When the news broke of Ben Affleck being cast as the new Batman, the pop culture world came unglued. Granted, there were those who defended the former half of Bennifer and current half of Bennifer 2, saying his recent work proved that the man could both act and direct. Some were even forceful in their defense, like our own William Bibbiani, who went so far as to pen this article.
Still, the shockwave of selecting Ben Affleck as Batman was hard to shake. People were outraged. Nerds dejected. Comic shops were abuzz with heightened cries of foul. I listened to the fetid masses as they spoke at length on the sins of Ben Affleck in the role of the Dark Knight. Then, those same masses turned to me and said, “Iann, what do you think?”

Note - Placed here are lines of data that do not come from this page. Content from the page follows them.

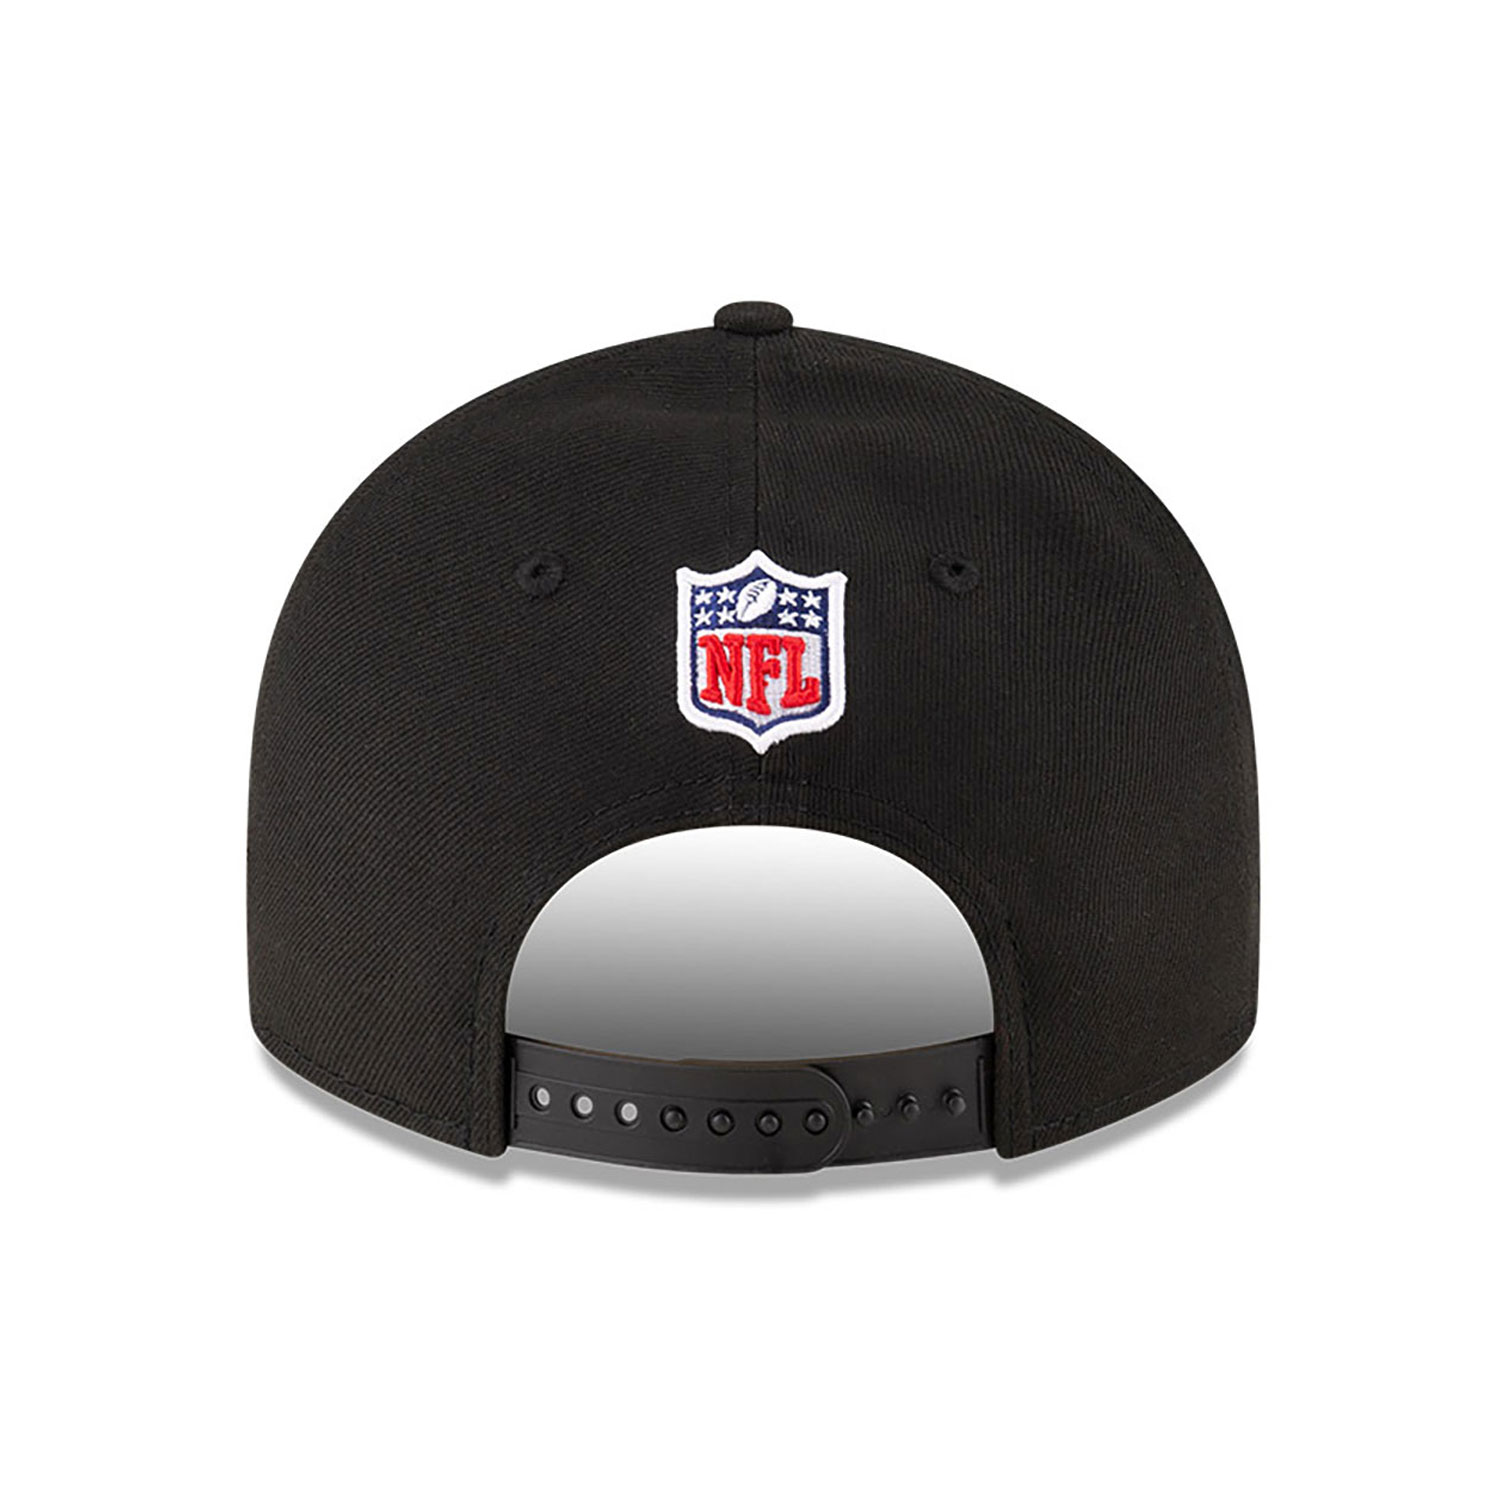 San Francisco 49ers Super Bowl LVIII Conference Champions Black Low Profile 9FIFTY Snapback Cap
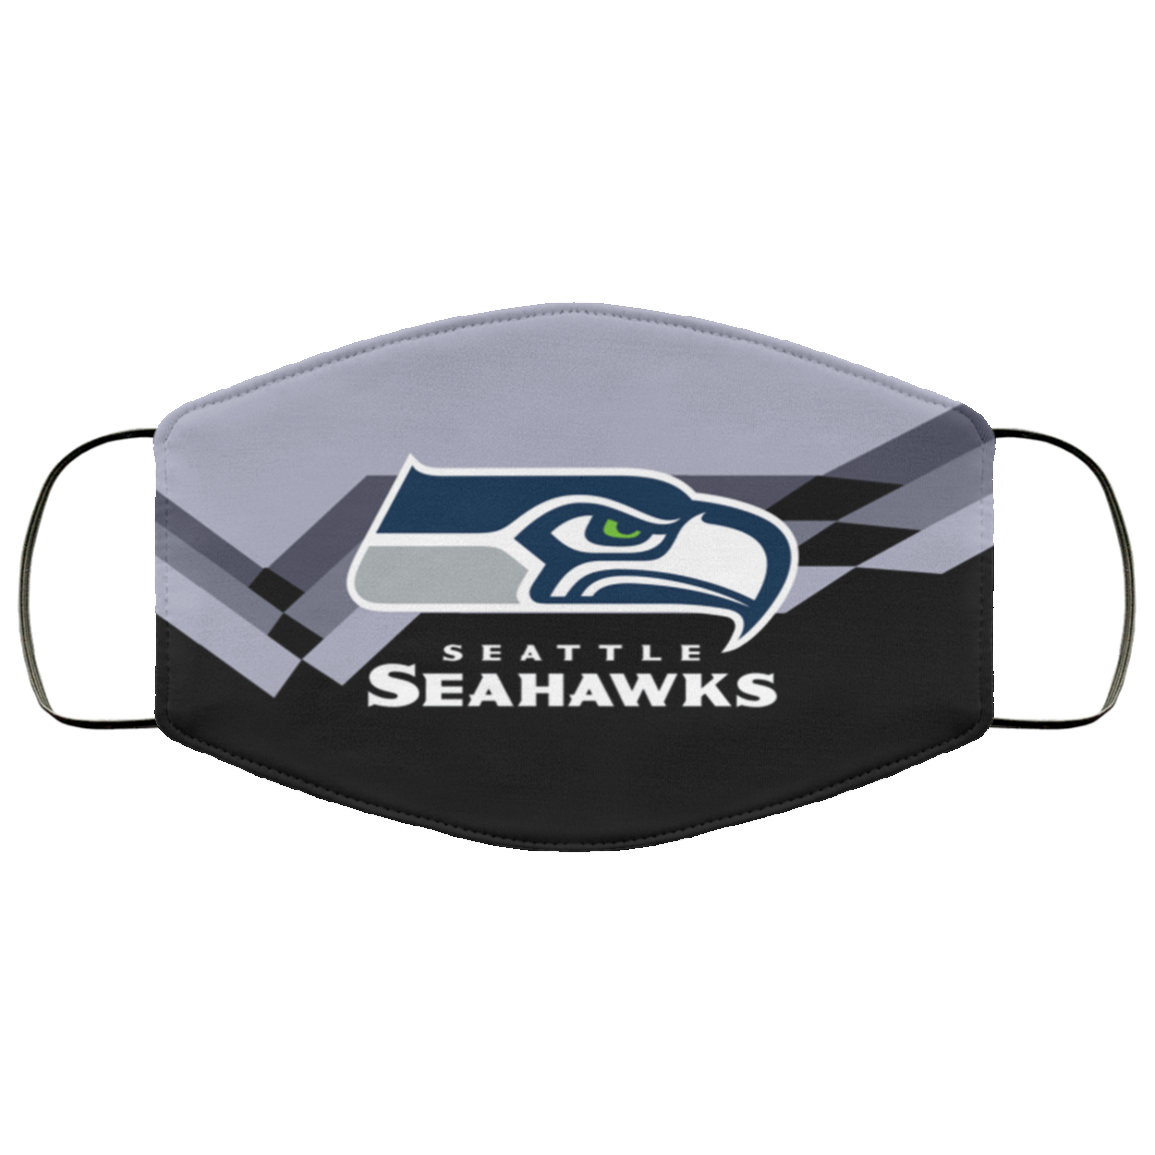 Seattle seahawks face mask
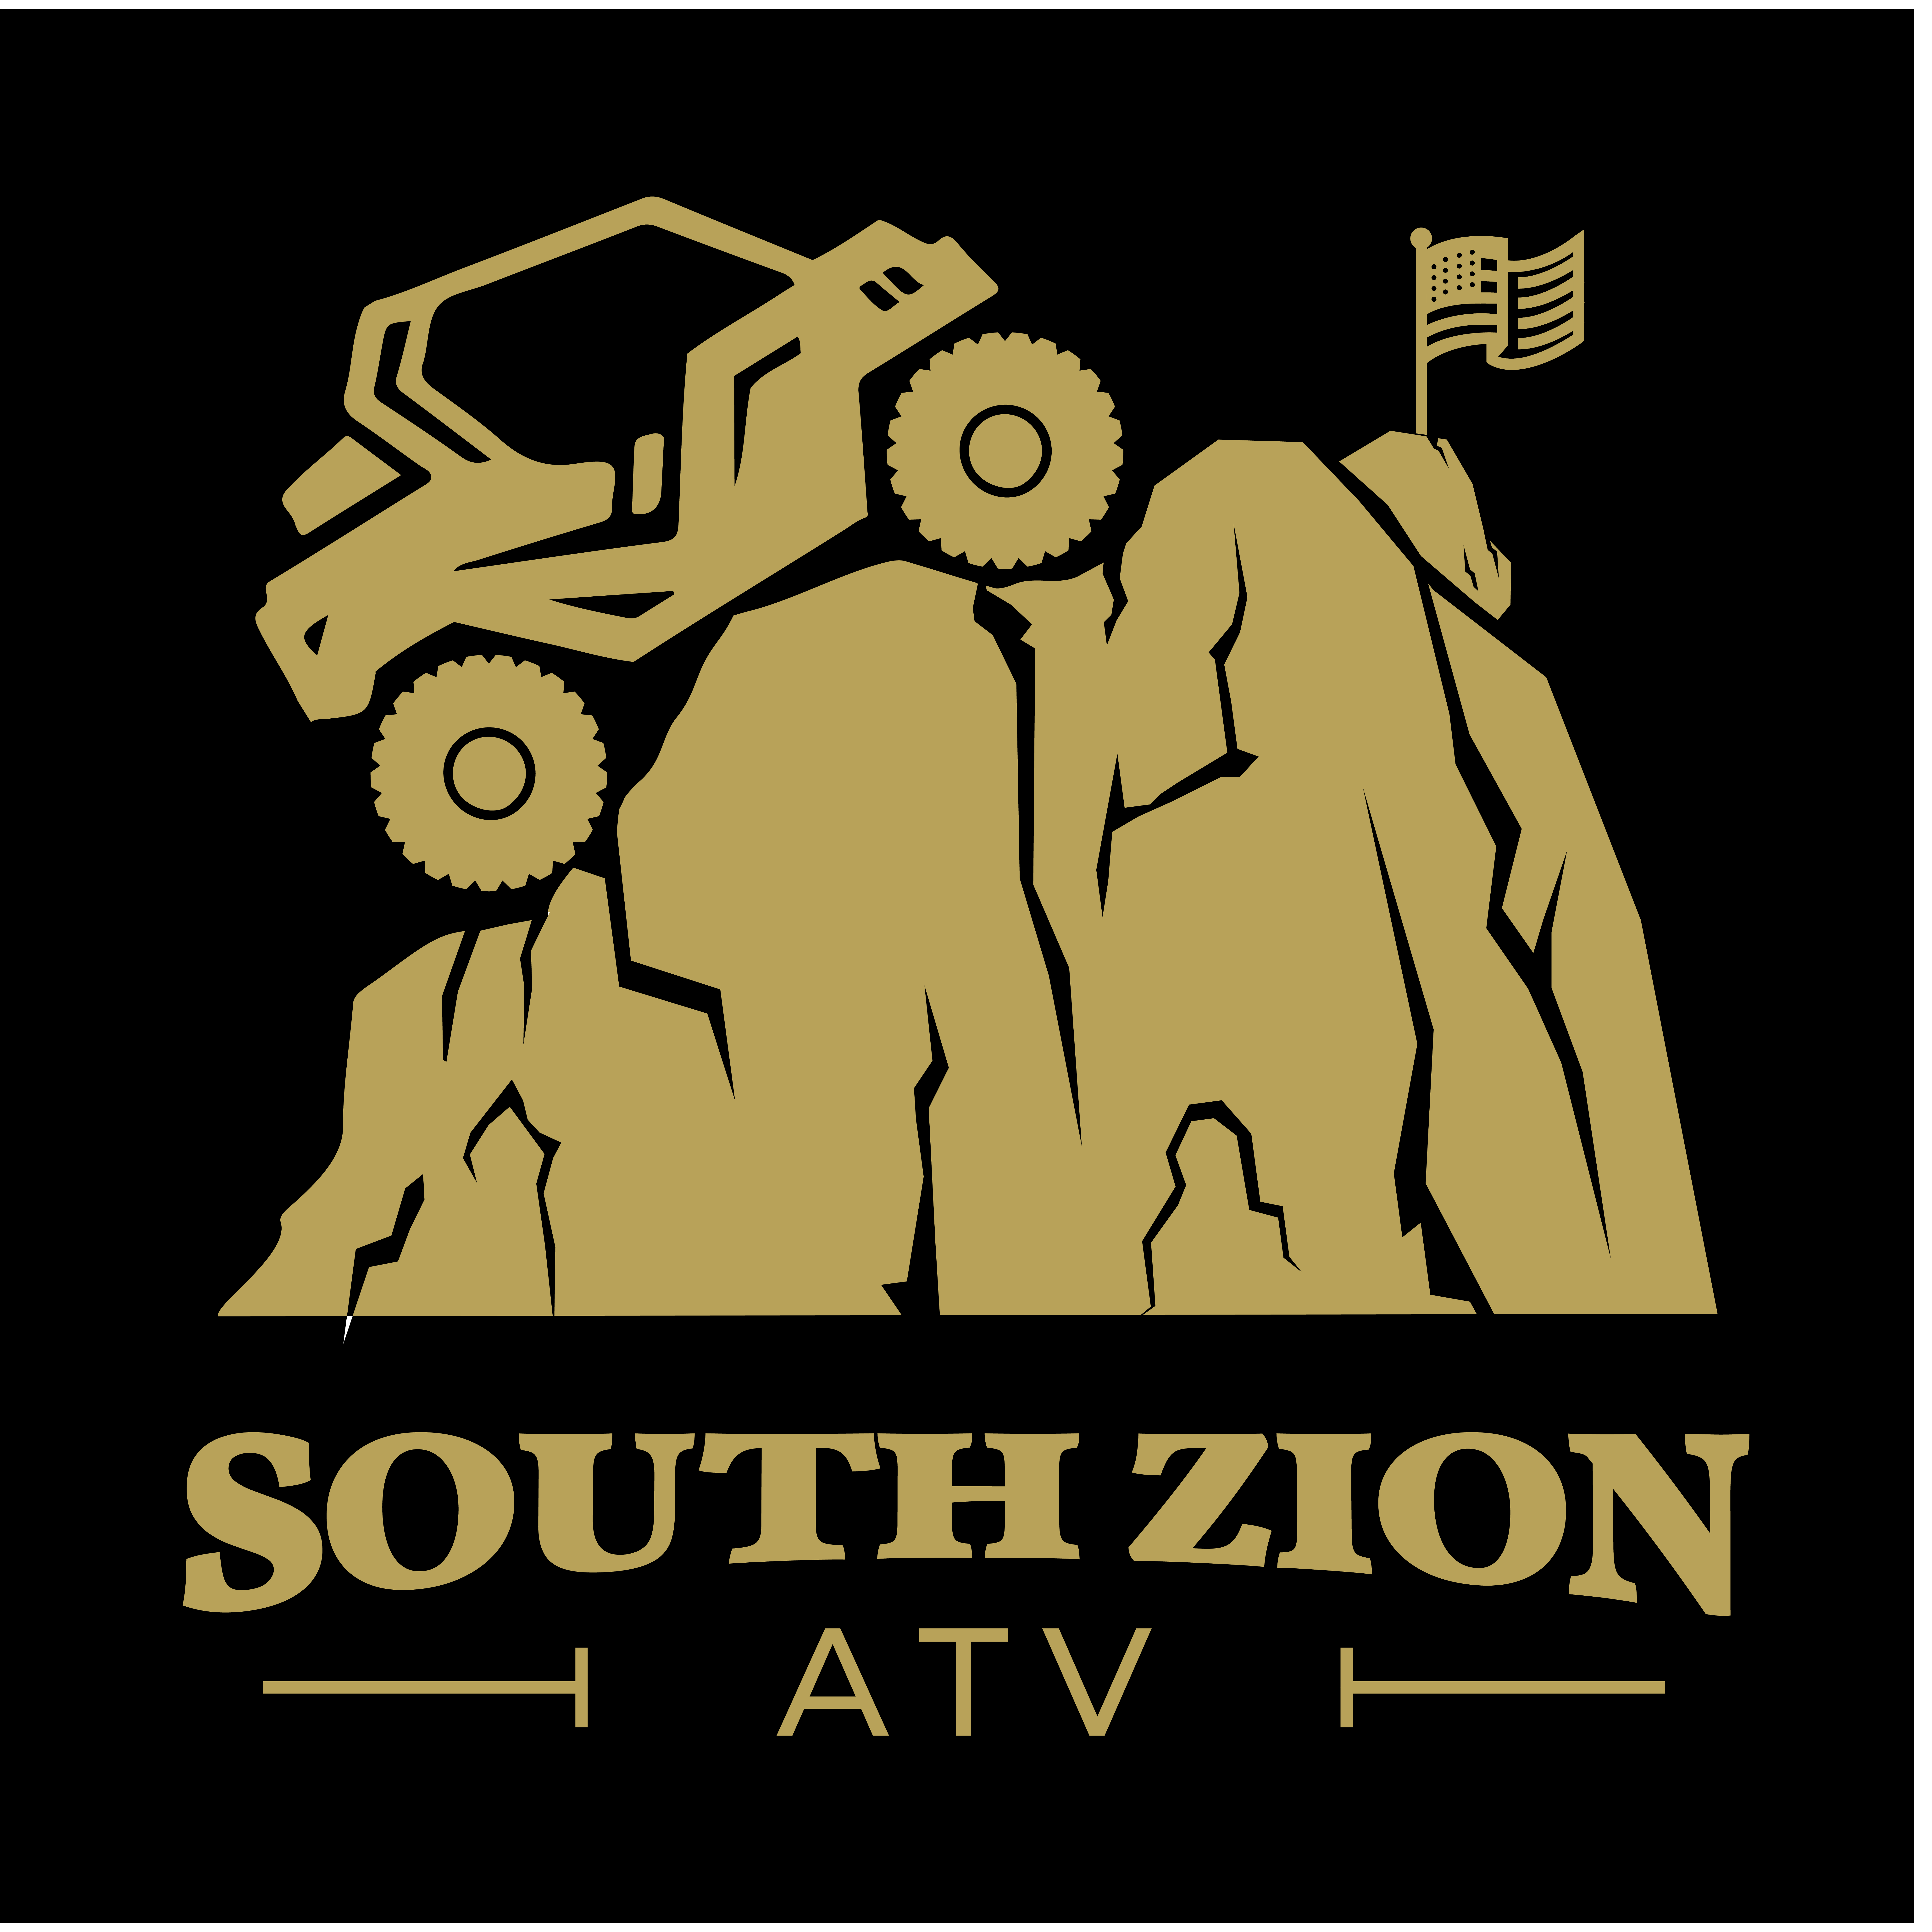 South Zion ATV logo
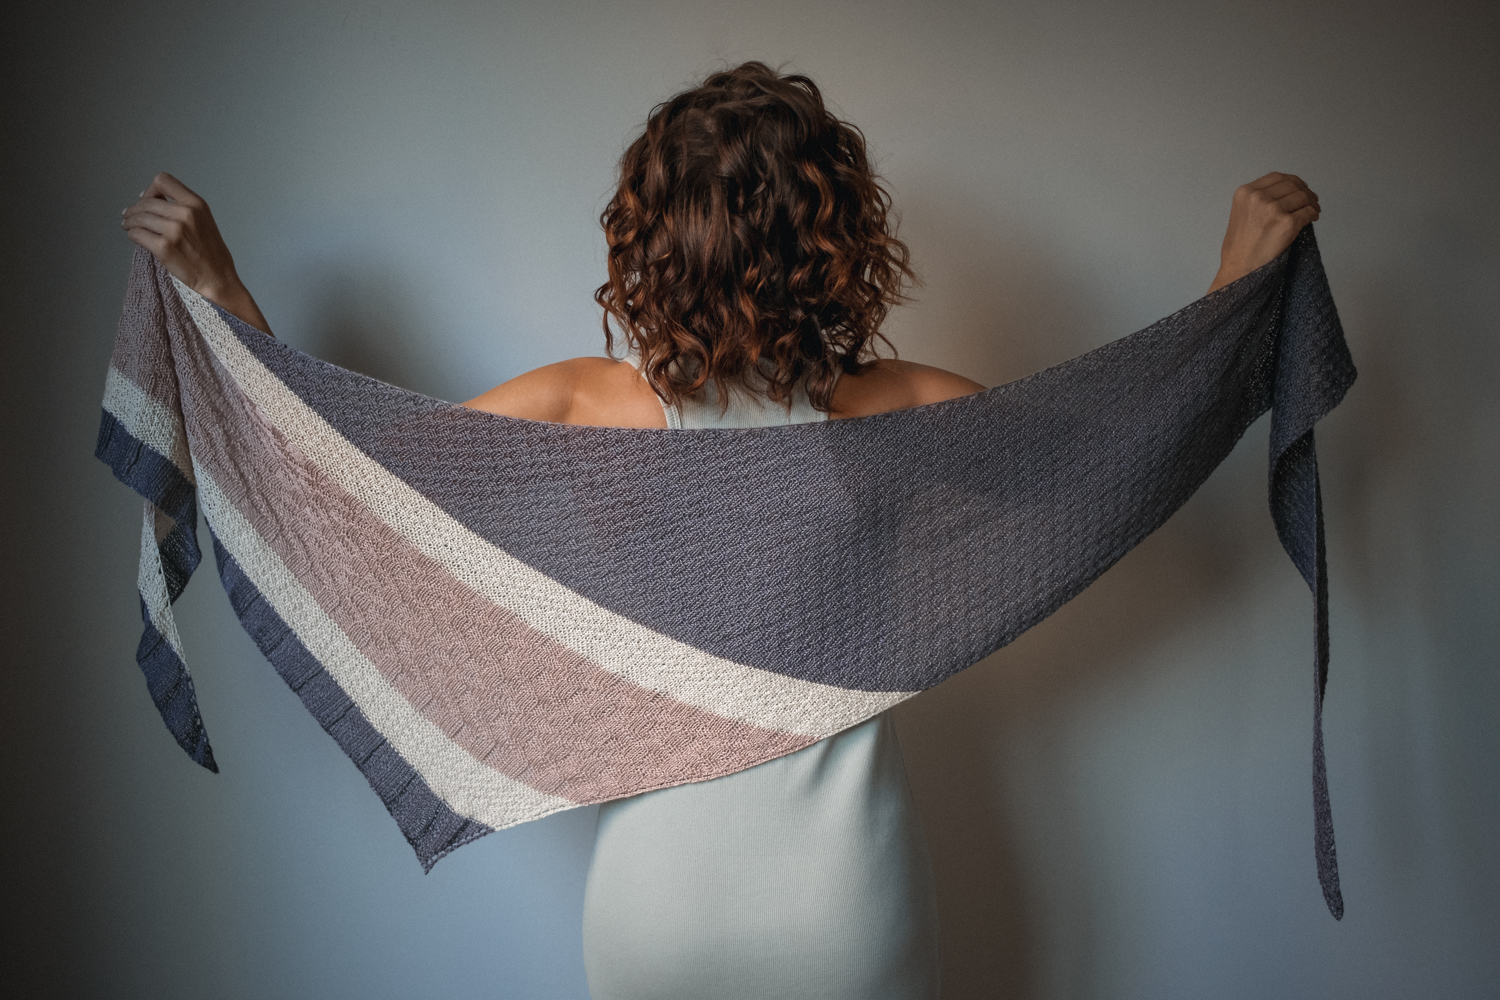 beginner triangle knit shawl pattern

I think the haters are lacking vision.
Did you see Man of Steel? Obviously, from the hammy performance of Henry Cavill, this film was meant to be an ironic comedy. Soundgarden? A weepy, morose, pissed off Superman? Jor-El as the ultimate GPS computer? Come ON, it had to be a joke. With that in mind, Ben Affleck makes perfect sense. In fact, I’ve gone so far as to cast the upcoming Justice League movie with more picks along the same lines as casting Affleck.
See, you just had to look at Ben Affleck in the proper perspective. Okay Zack Snyder, bring on the laughs!!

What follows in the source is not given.